Material provided ->

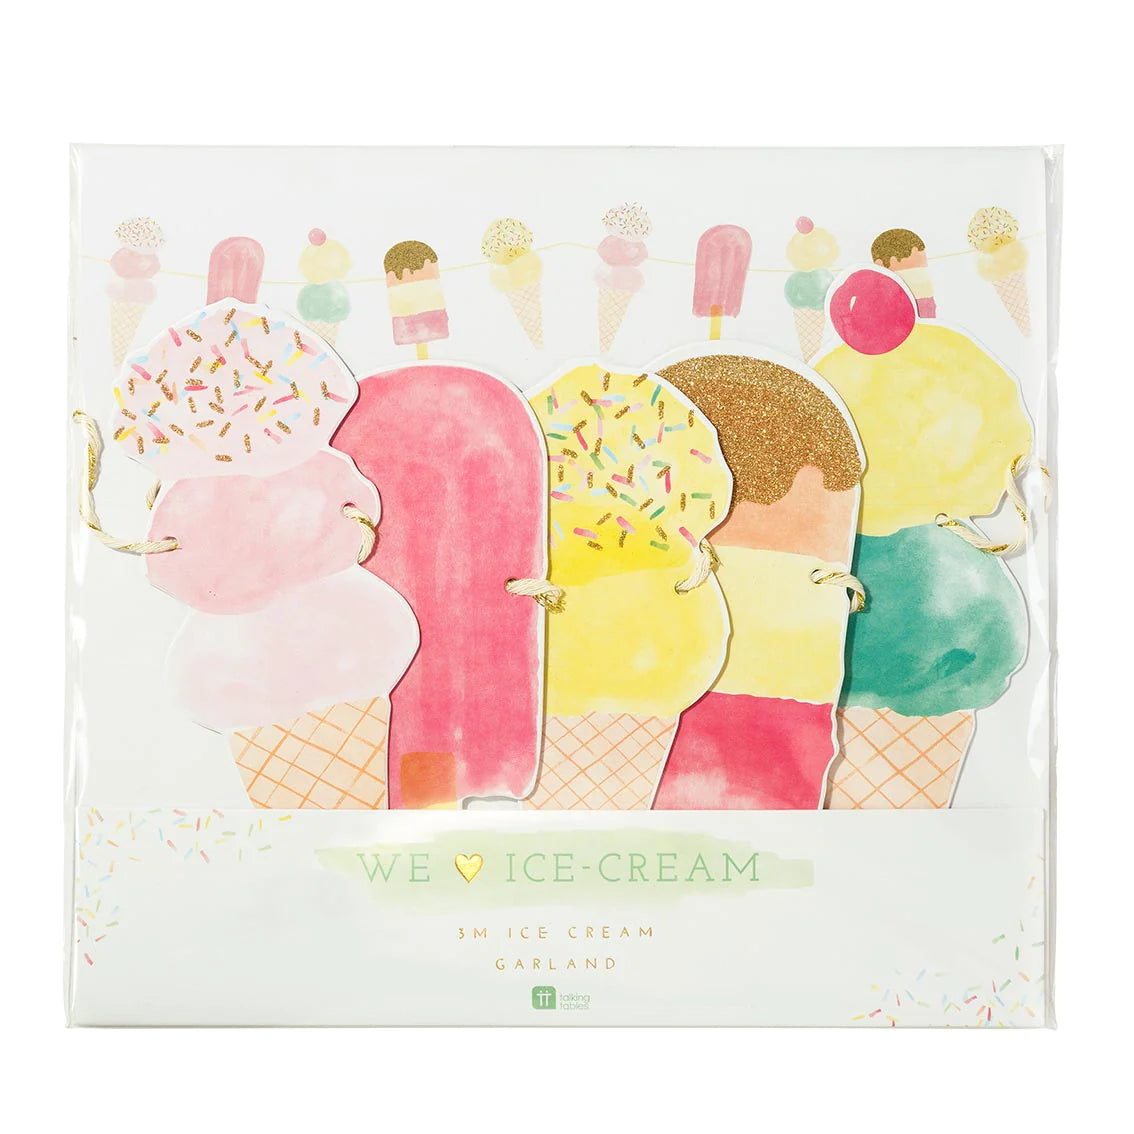 Garland: We Heart Ice Cream
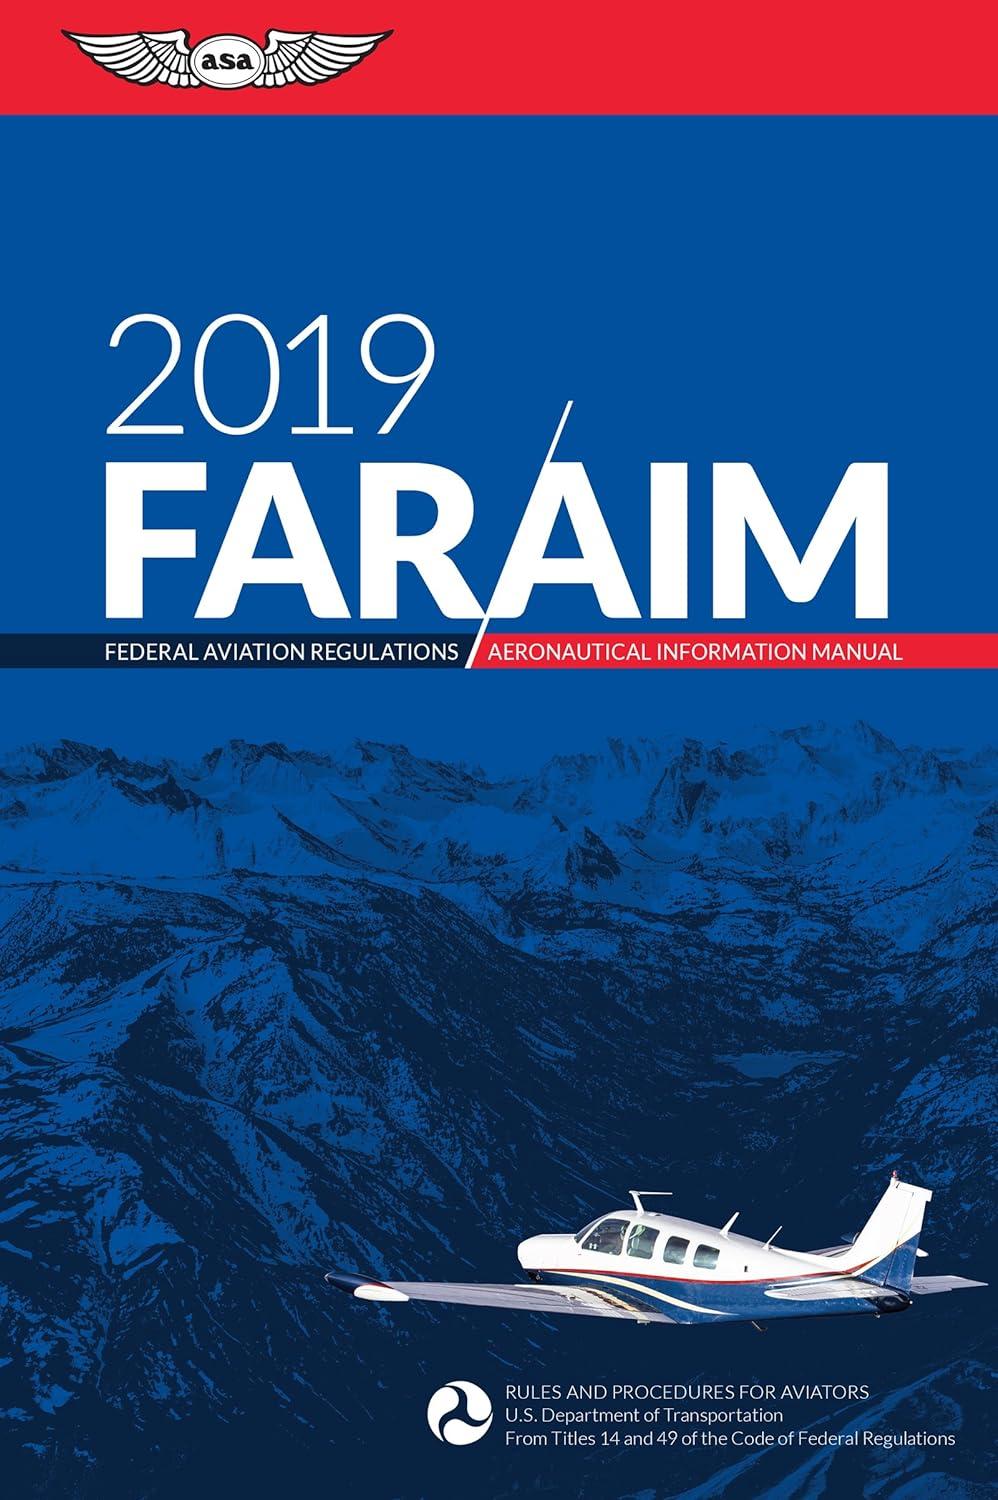 far aim 2019 federal aviation regulations aeronautical information manual 1st edition federal aviation
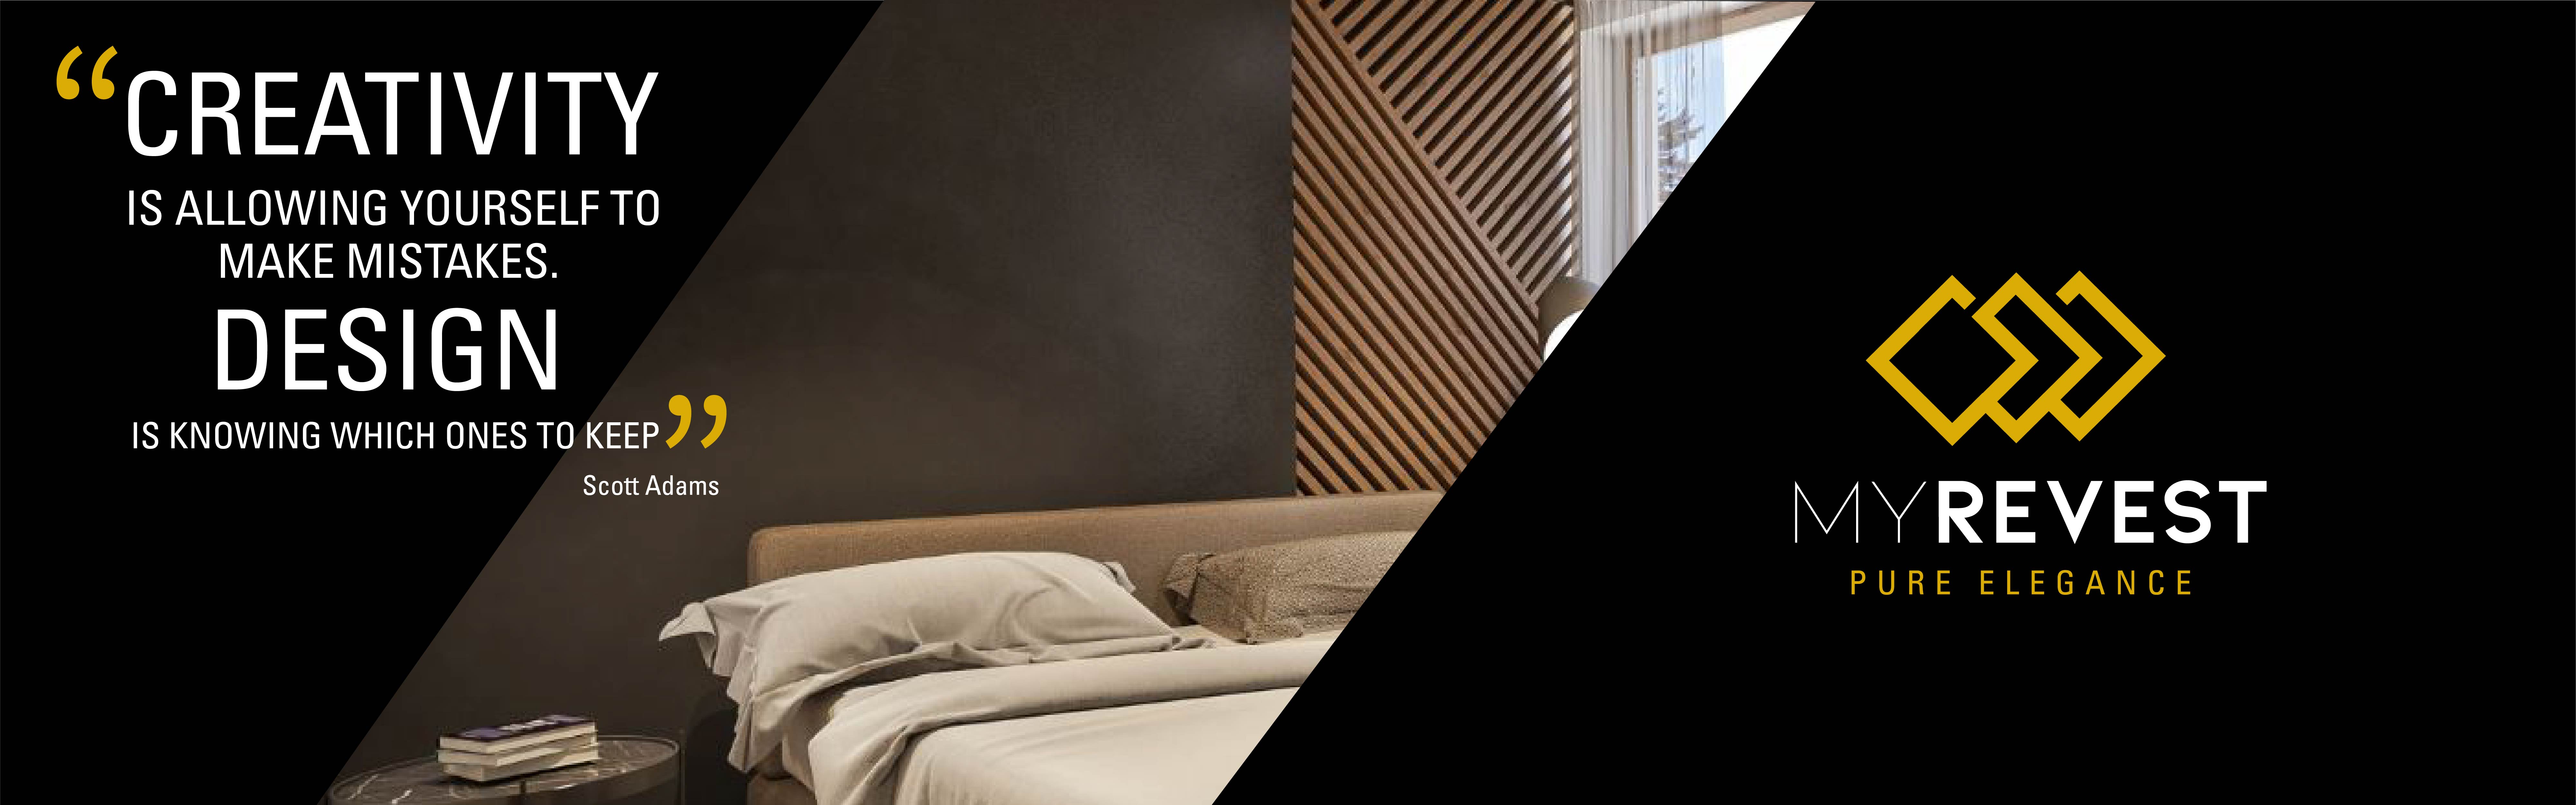 Microcement coating op een minimalistische slaapkamermuur naast het MyRevest logo
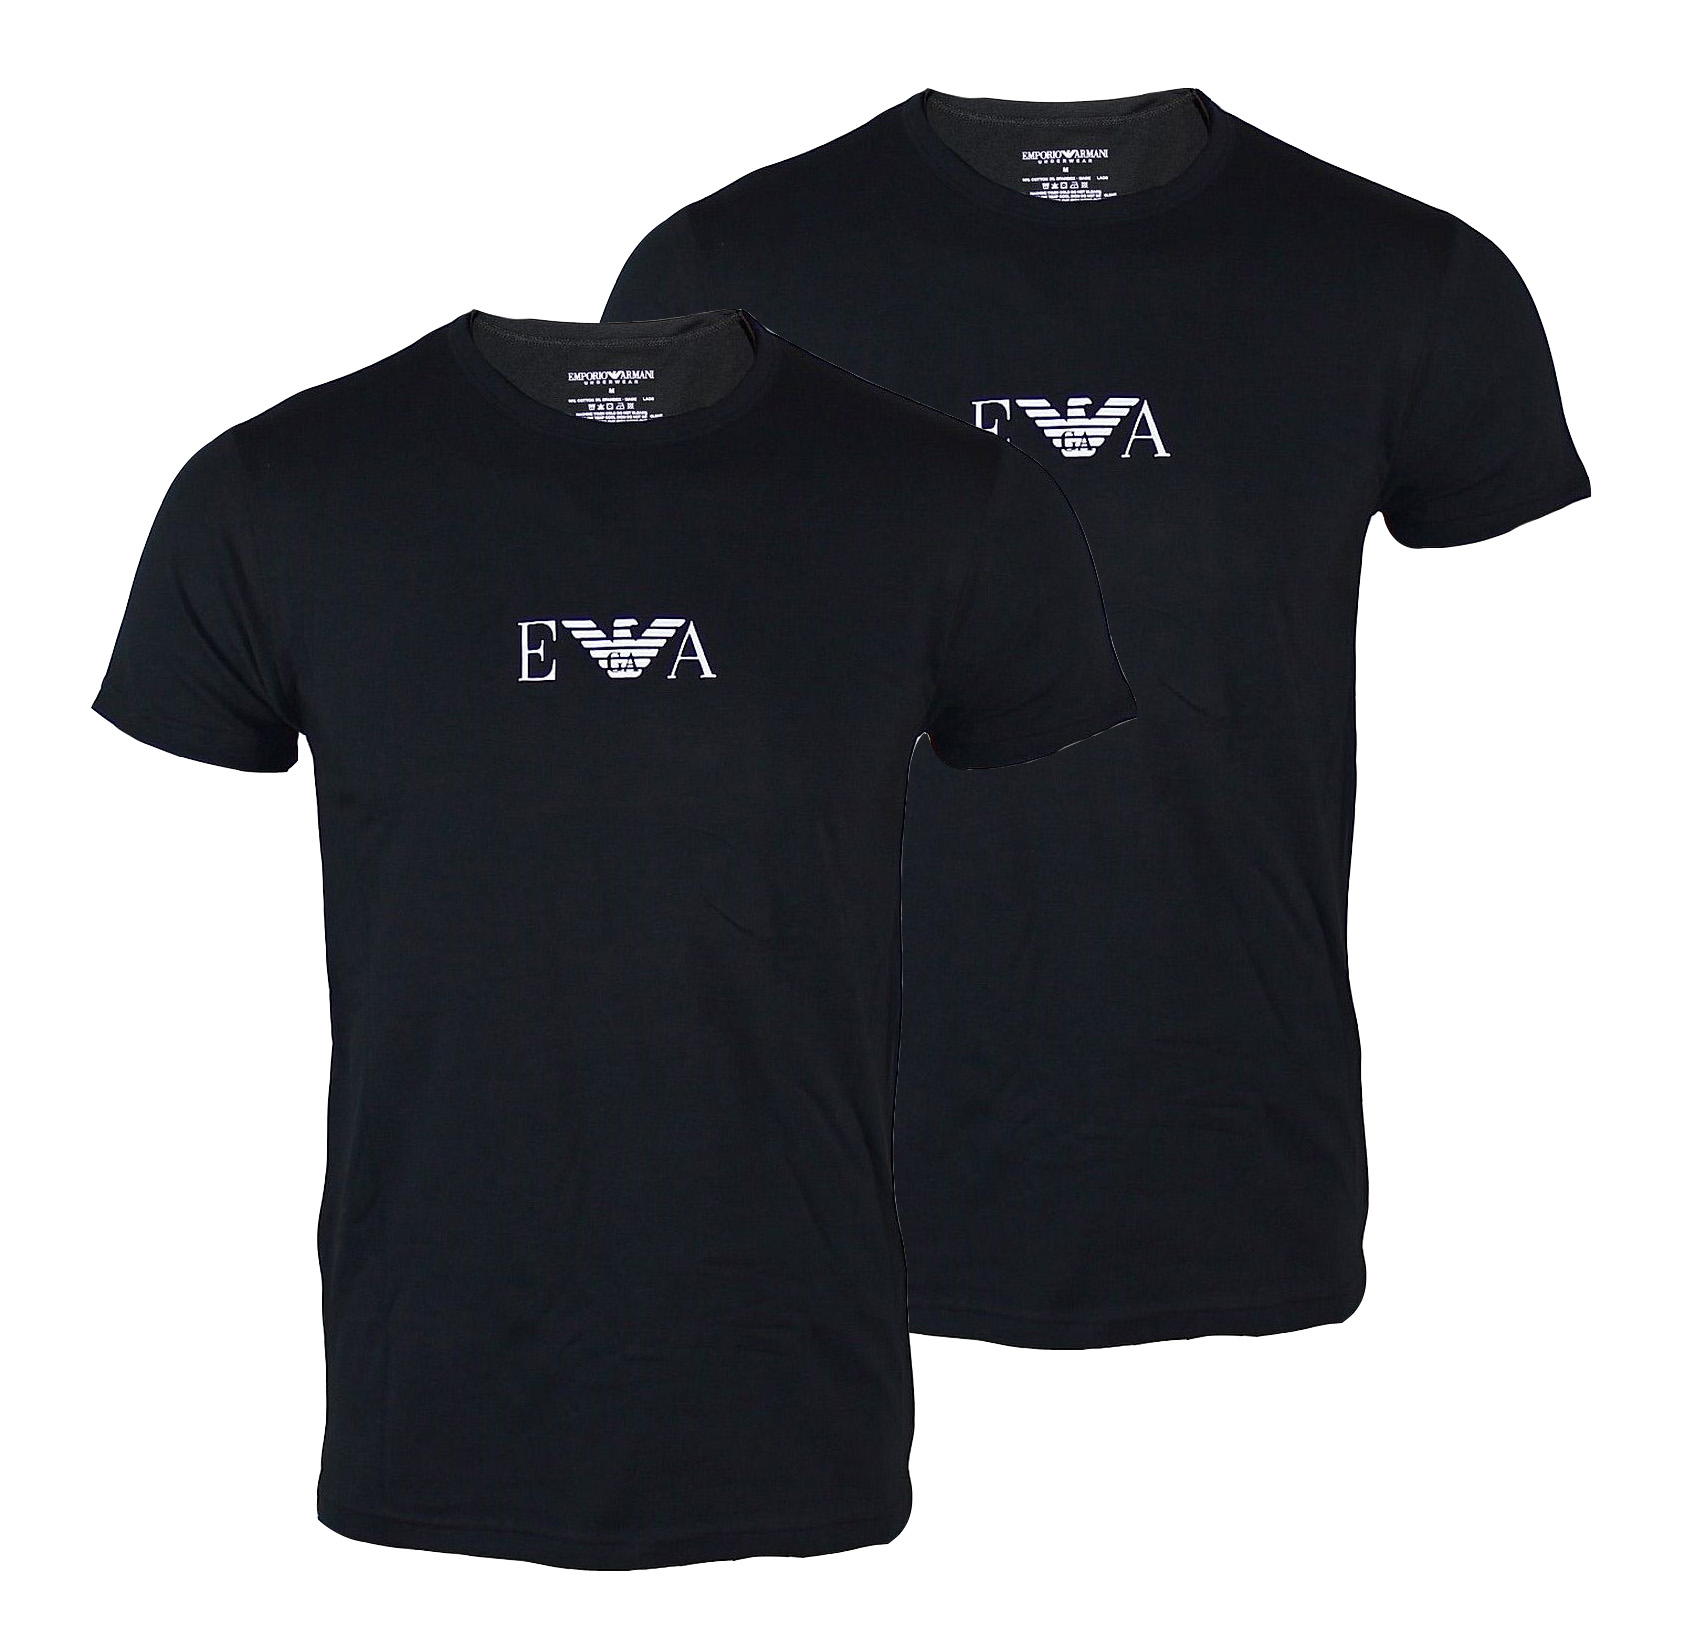 EMPORIO ARMANI 2er Pack Shirt T-Shirt Mod. CC715 111267 07320 Rundhals schwarz

Exercise ->
Copy exactly the lines from the line holding "Microcement coating op" to the final line of the listing, and leave the pictures out.

Your solution ->
 Microcement coating op een minimalistische slaapkamermuur naast het MyRevest logo
 EMPORIO ARMANI 2er Pack Shirt T-Shirt Mod. CC715 111267 07320 Rundhals schwarz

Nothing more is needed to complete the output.